İnsanlarda, asetilsalisilik asit, parasetamol ve kafein ile akut intoksikasyon gözlenmiştir. Asetilsalisilik asit için letal doz 10 g, parasetamol için yaklaşık 10 g'dır (hepatotoksisite).
Uzun süreli olarak yüksek dozlarda asetilsalisilik asit ve/veya parasetamol uygulamasının laboratuvar hayvanlarında papiler veya tübüler epitelyal nekroz gibi böbrek lezyonlarına,
gastrointestinal ülserler ve kanamalara (asetilsalisilik asit) ve yanı sıra interstisyel nefrit ve hepatotoksik etkilere (parasetamol) yol açtığı bildirilmiştir. Ancak, sıçanlarda asetilsalisilik asit, parasetamol ve kafein (oran: 5/4/1) ile yapılan 26 haftalık bir toksisite çalışmasında, asetilsalisilik asit kaynaklı, mortalite dahil belirgin gastrointestinal toksisite belirtileri (erozyonlar) ortaya konulmuş, fakat nefrotoksisite artışı verisi bulunmamıştır. Üçlü kombinasyon ile temas, tekil bileşiklere kıyasla daha yüksek bir organ toksisitesiyle sonuçlanmamıştır. Asetilsalisilik asit ve parasetamol kinetikleri, iki ilacın kombine edilmesinden ya da kafeinin eklenmesinden etkilenmemiştir.
Asetilsalisilik asit ile genotoksisiteye yönelik bazı veriler elde edilmiş, ancak uzun dönemli karsinojenisite tayinlerinde negatif sonuç alınmıştır. Sıçanlar ve farelerdeki NTP biyolojik tayinlerinden edinilen veriler temelinde, ancak çeşitli başka genotoksisite ve karsinojenisite çalışmalarının çelişkili sonuçlarına zıt olarak, parasetamol non-genotoksik ve non-karsinojen olarak sınıflandırılmıştır. Parasetamol aynı zamanda lARC tarafından da karsinojen olarak sınıflandırılmamıştır. Kafein çeşitli önemli in vitro genotoksisite testlerinde ve kısıtlı in vivo verilerde mutajenik değil, ama klastojenik ve/veya anöjenik bulunmuştur. Deney hayvanlarında ve insanlarda karsinojenisite konusundaki veriler yetersizdir.
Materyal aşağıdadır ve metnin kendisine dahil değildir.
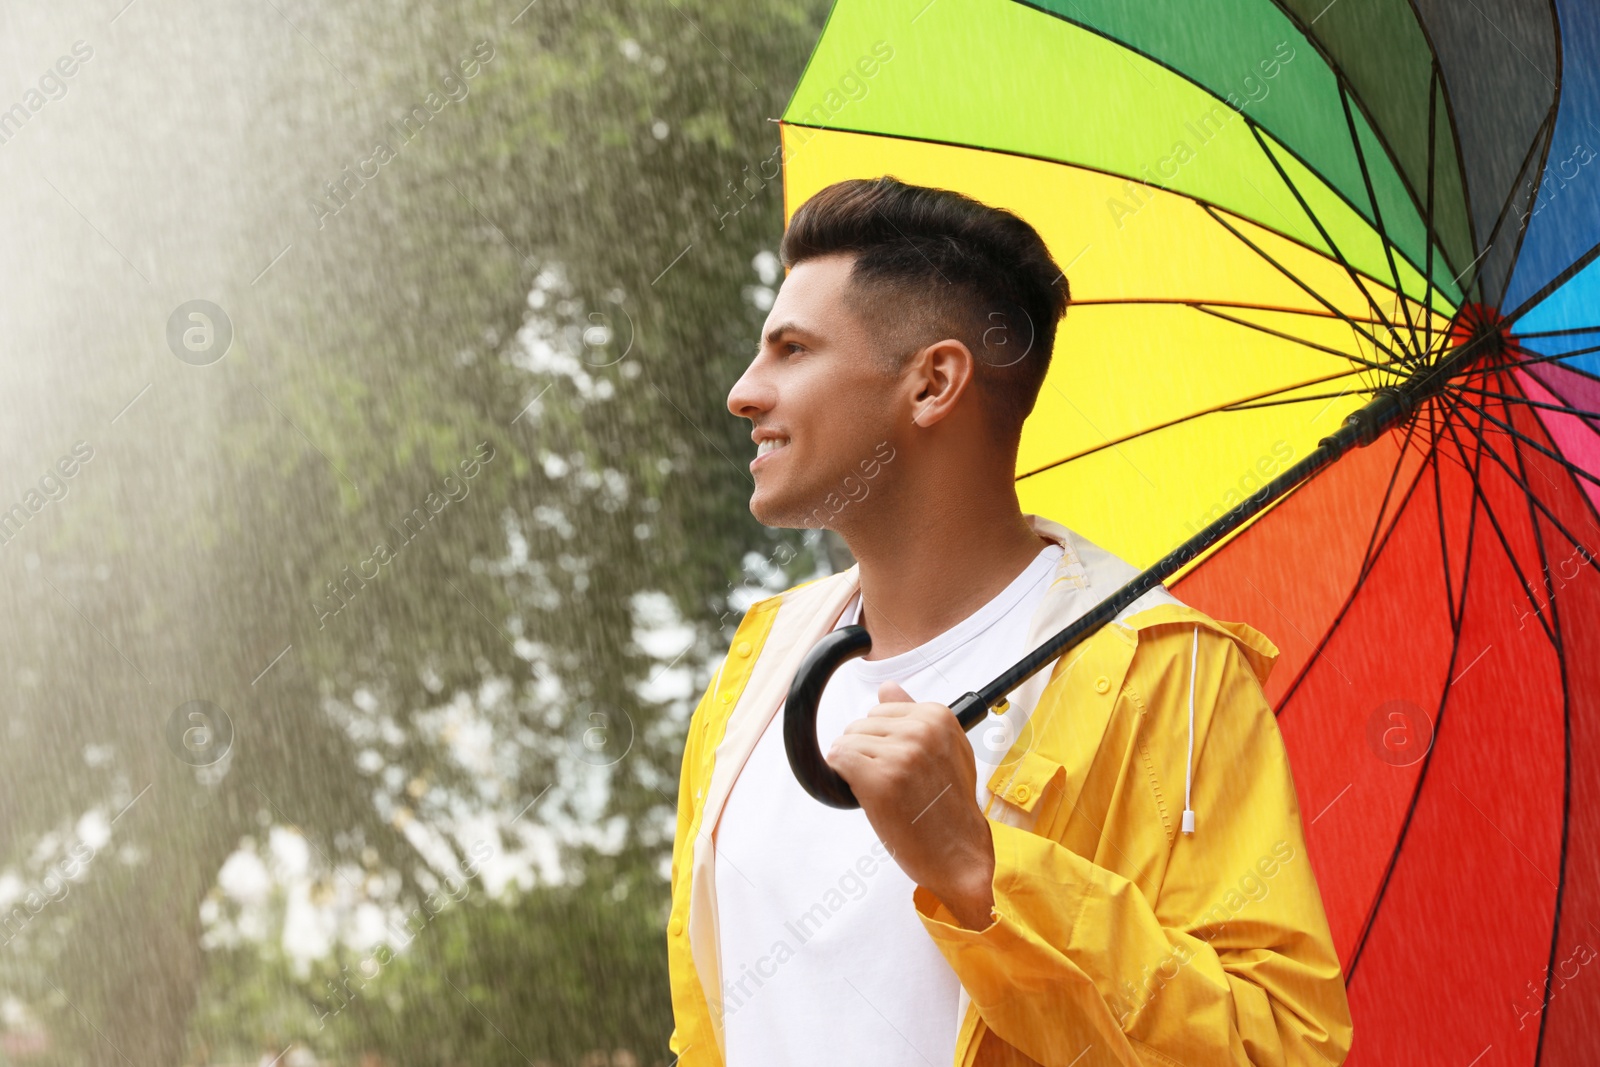 Photo of Man with umbrella walking under rain in park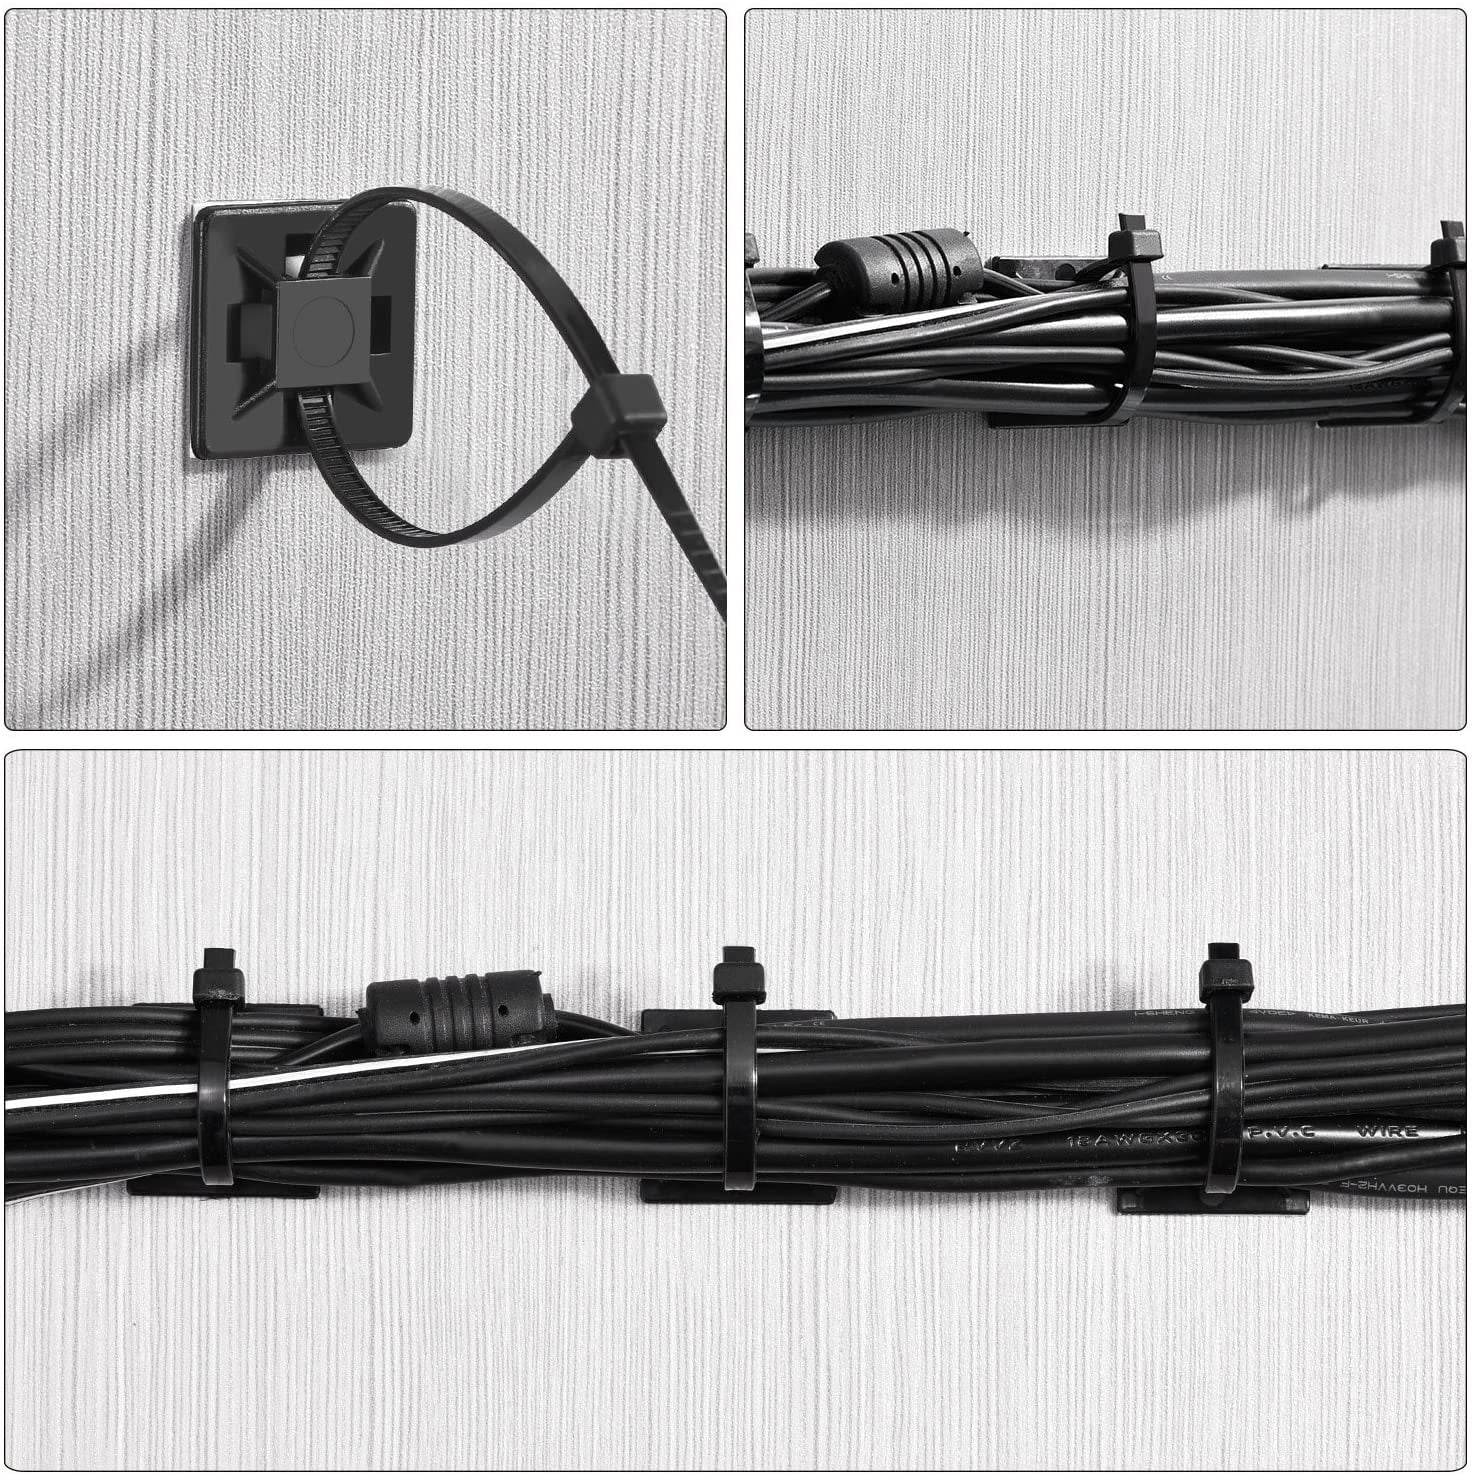 Black 150 Pieces Zip Tie Adhesive Mounts Self Adhesive Cable Tie Base Holders with Multi-Purpose Clip Zip Tie 150 mm in Length 2 cm in Width

Asetilsalisilik asit sıçanlar ve tavşanlarda teratojendir. İnsanlarda yapılan geriye dönük araştırmalar çelişkili sonuçlar göstermiştir. Çeşitli araştırıcılar asetilsalisilik asit kullanımı ile malformasyon riskinde artış arasında herhangi bir bağıntı gözlemlememekle birlikte, ayrıntılı bir literatür incelemesinin verileri, gebeliğin ilk trimesterinde asetilsalisilik asit temasının gastroşizi riskinde artış ile bağıntılı olduğu izlenimini vermektedir. Parasetamolün hayvanlarda ve insanlarda teratojen olmadığı bildirilmiştir. Kafeinin maternotoksik dozlarda, laboratuvar hayvanlarında iskelet sisteminde gelişim inhibisyonu ve gros malformasyonlara yol açtığı ve bu duruma annedeki hemodinamik bozuklukların neden olduğu bildirilmiştir. Ancak kafeinin insanlarda teratojen etkisini destekleyen hiç veri bulunmamaktadır. Çok yüksek oral asetilsalisilik asit ve parasetamol dozlarında, sıçanlarda testisler, epididim ve spermatogenez üzerinde etkiler ve implantasyon sonrası mortalite gözlenmiştir. Kafein çok yüksek oral dozlarda, sıçanlar ve farelerde implantasyon sonrası mortalite ve fertilite indeksini etkilemiştir. Bu etkilerin fertilite parametreleri üzerindeki etkileri bilinmemektedir.